I _want_ to read more young adult books, but lately I haven't found any really satisfying series. I just want good characters, an interesting setting, a decent story, and lots of setups for payoffs that make me go, "Oooh". Also no toilet humour, _please_, really, you may be writing for kids but that's no excuse for being juvenile.


----------



## CoffeeCat (Sep 13, 2010)

I do enjoy reading YA quite a bit. I read the Harry Potter series in college and couldn't believe I'd waited so long to read it. After graduating, I offered to read the Twilight Series and the Maximum Ride series for the local bookstore I was working in since none of the other employees were big on the genre. 

Besides The Hunger Games trilogy and The Book Thief, the most recent YA novel I have read was Wintergirls by Laurie Hasle Anderson which I found to be excellent. As a pp said, it's not that long ago that I was a teenager. I remember that time in my life quite well.


----------



## meggjensen (Feb 17, 2011)

The majority of books I read are YA. My mom is an elementary school librarian and I get recommendations from her all the time, which is awesome! My hubby also reads YA, mainly because he reads whatever I hand him. 

I write YA and so do most of my writing friends, so it's a good thing I love it so much!

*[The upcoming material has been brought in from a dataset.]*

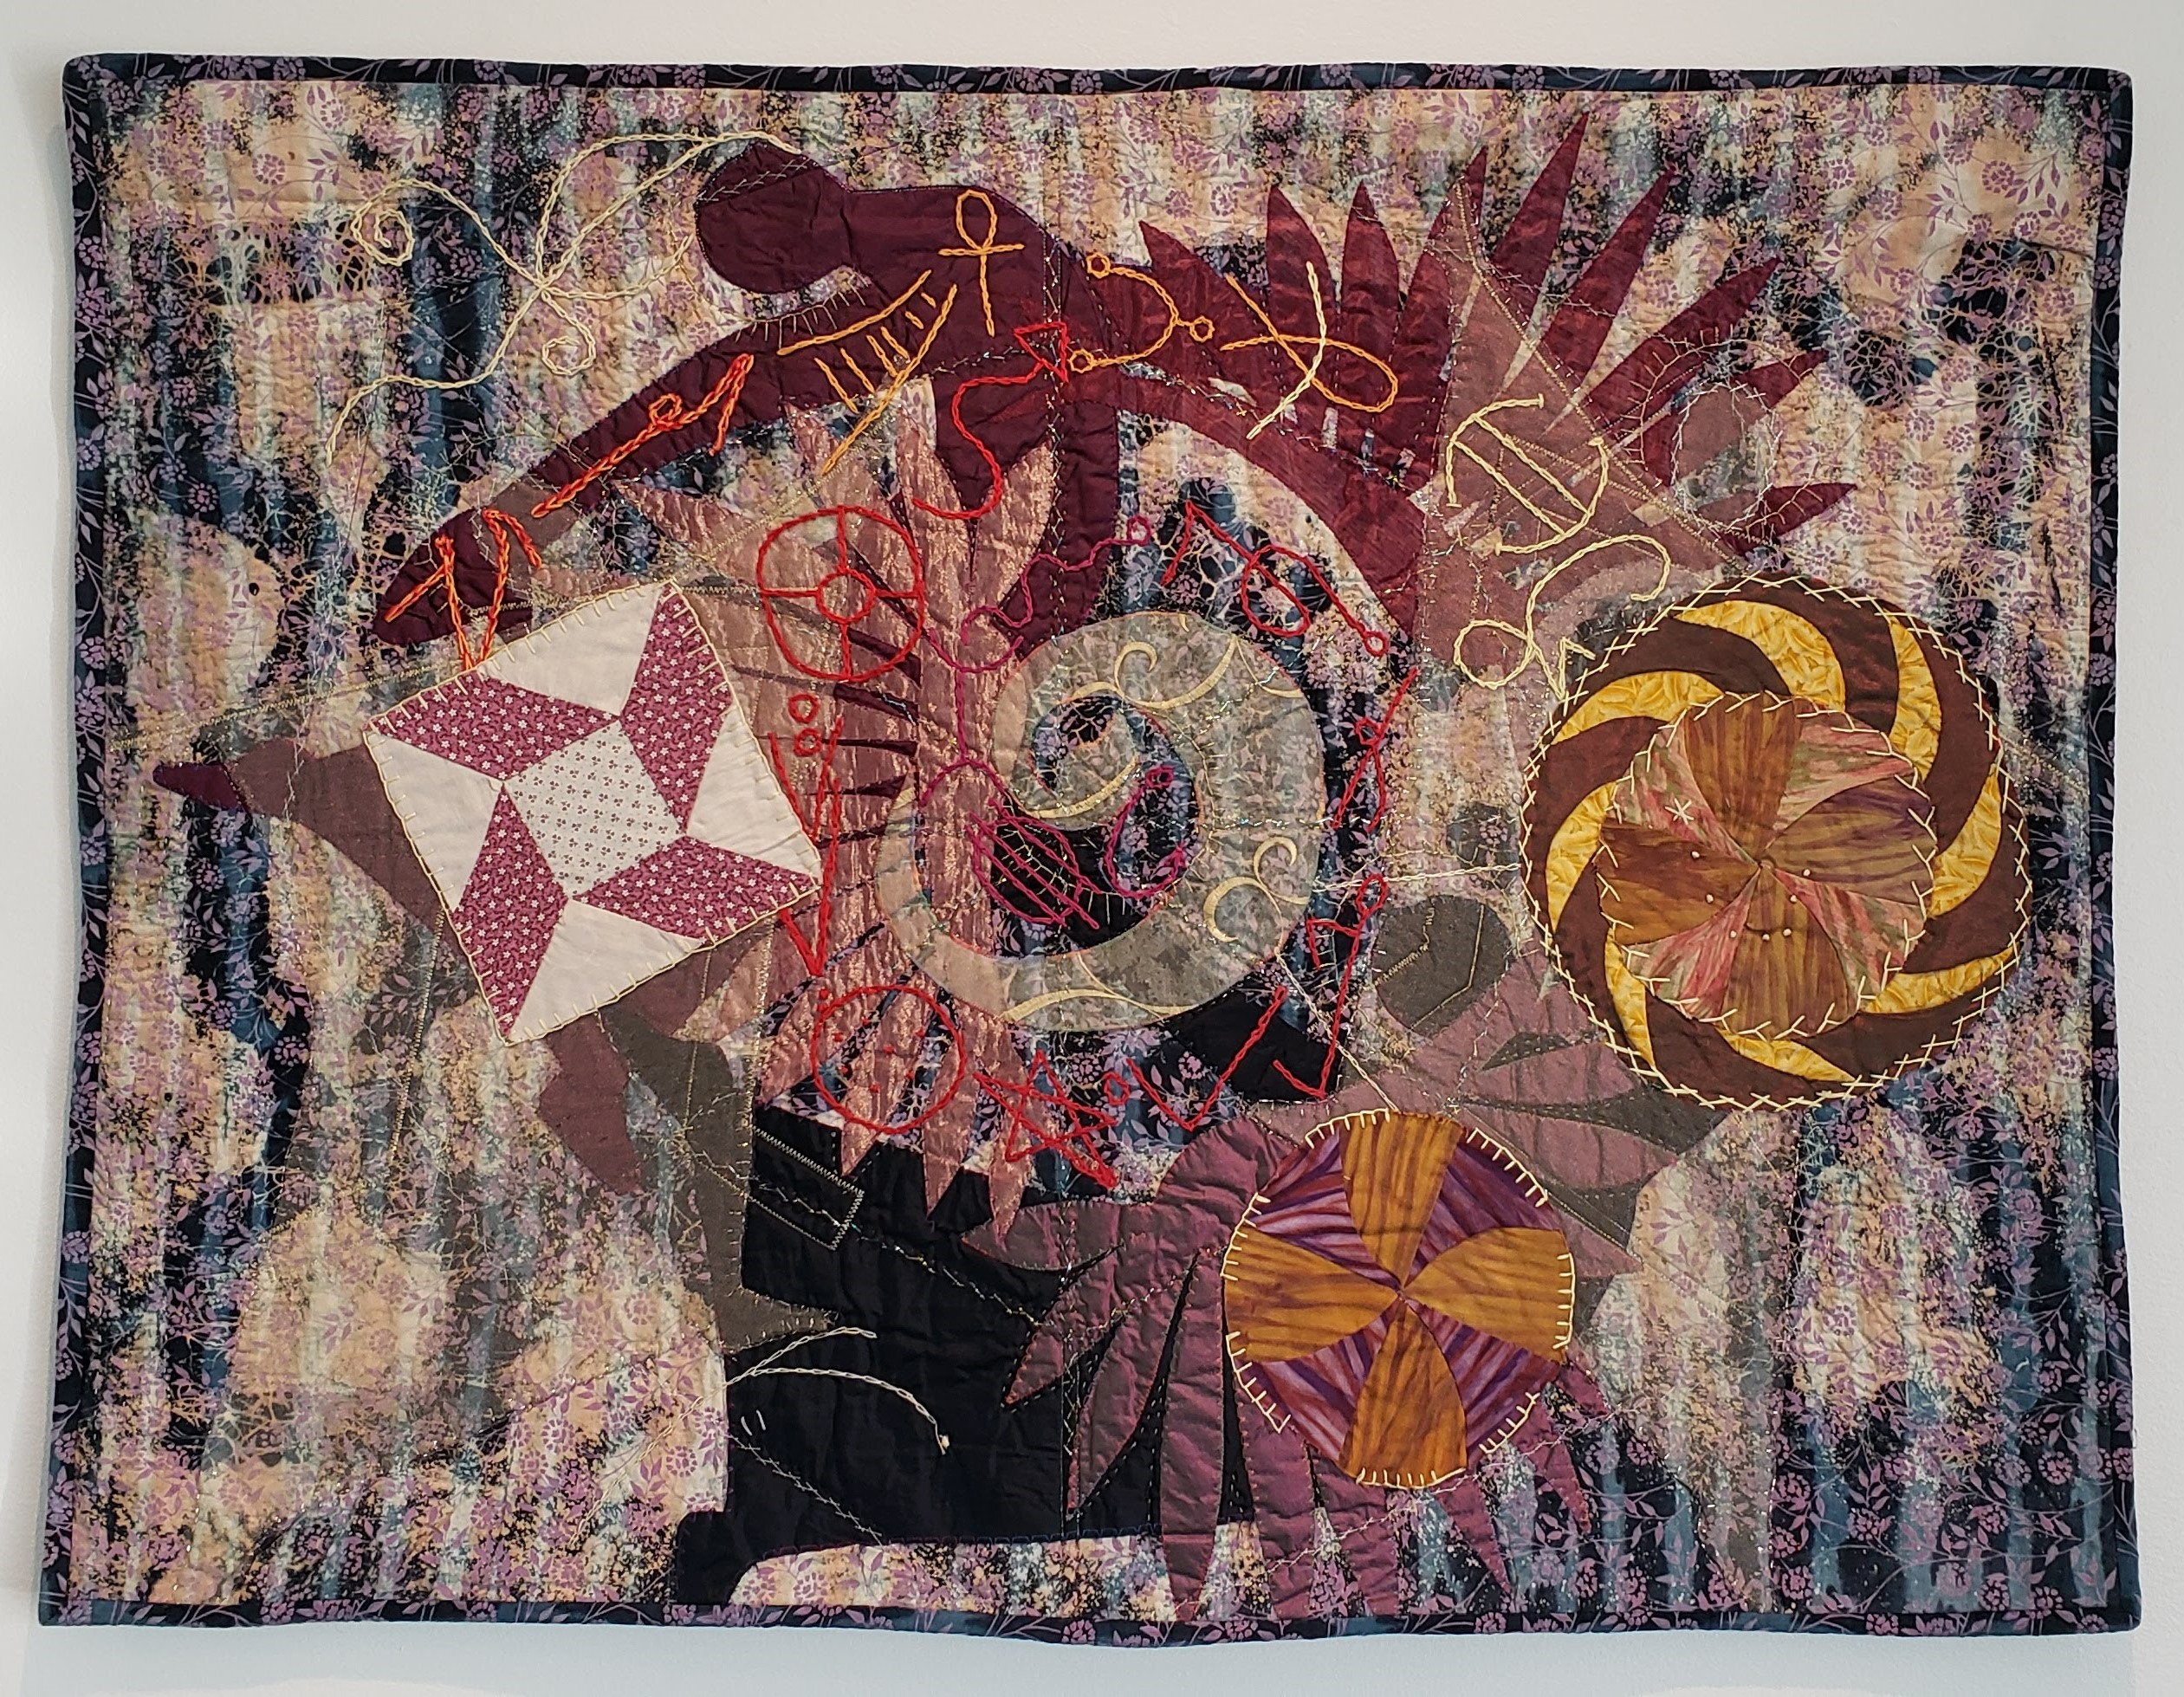 Tina Williams Brewer, "Whirling Dance and the Unconscious Rhythm," 2007, Discharged batik fabric, silk, taffeta, tulle, organza, domestic cotton, cotton embroidery floss, silk thread, invisible thread, metallic thread, hand embroidered, hand and machine quilted

I do agree that Harry Potter created a huge shift in who reads kid lit. I don't think Twilight would have been as popular if Harry Potter hadn't already drawn the adult eye back to kid lit.

Then there are those of us who've never quite graduated to adult lit. I do read it, but not often.


----------



## kindlegrl81 (Jan 19, 2010)

I love YA books. Some of my favorites are: 

Harry Potter (of course)
Percy Jackson
Fablehaven
City of Ember series 
Anything written by L.J. Smith


----------



## EchelonPress (Sep 30, 2010)

I thoroughly enjoy reading YA books. A lot of times it is because even though there is angst, it isn't the stupid adult kind.

At any rate,I find a lot of the YA stuff very refreshing. one I really enjoyed was Crossroads by Chris Grabenstein.



Have a happy day!!

_--- edited... no self-promotion outside the Book Bazaar forum. please read our Forum Decorum thread._


----------



## NogDog (May 1, 2009)

In general I'm more interested in non-YA novels, but there are some I have read and enjoyed. If a YA book is YA because it eschews certain language or graphic sex/violence while centering on a YA character, that is not (necessarily) an issue with me. If, however, it avoids difficult questions and important themes, does not acknowledge the serious issues that a teenager may have to deal with -- or deals with them in an overly sentimental or saccharine manner -- then I probably don't want to spend time with it. I also don't want to deal with a YA novel if the writing and vocabulary are scaled down to too low a level.


----------



## KatieKlein (Dec 19, 2010)

> If, however, it avoids difficult questions and important themes, does not acknowledge the serious issues that a teenager may have to deal with -- or deals with them in an overly sentimental or saccharine manner -- then I probably don't want to spend time with it. I also don't want to deal with a YA novel if the writing and vocabulary are scaled down to too low a level.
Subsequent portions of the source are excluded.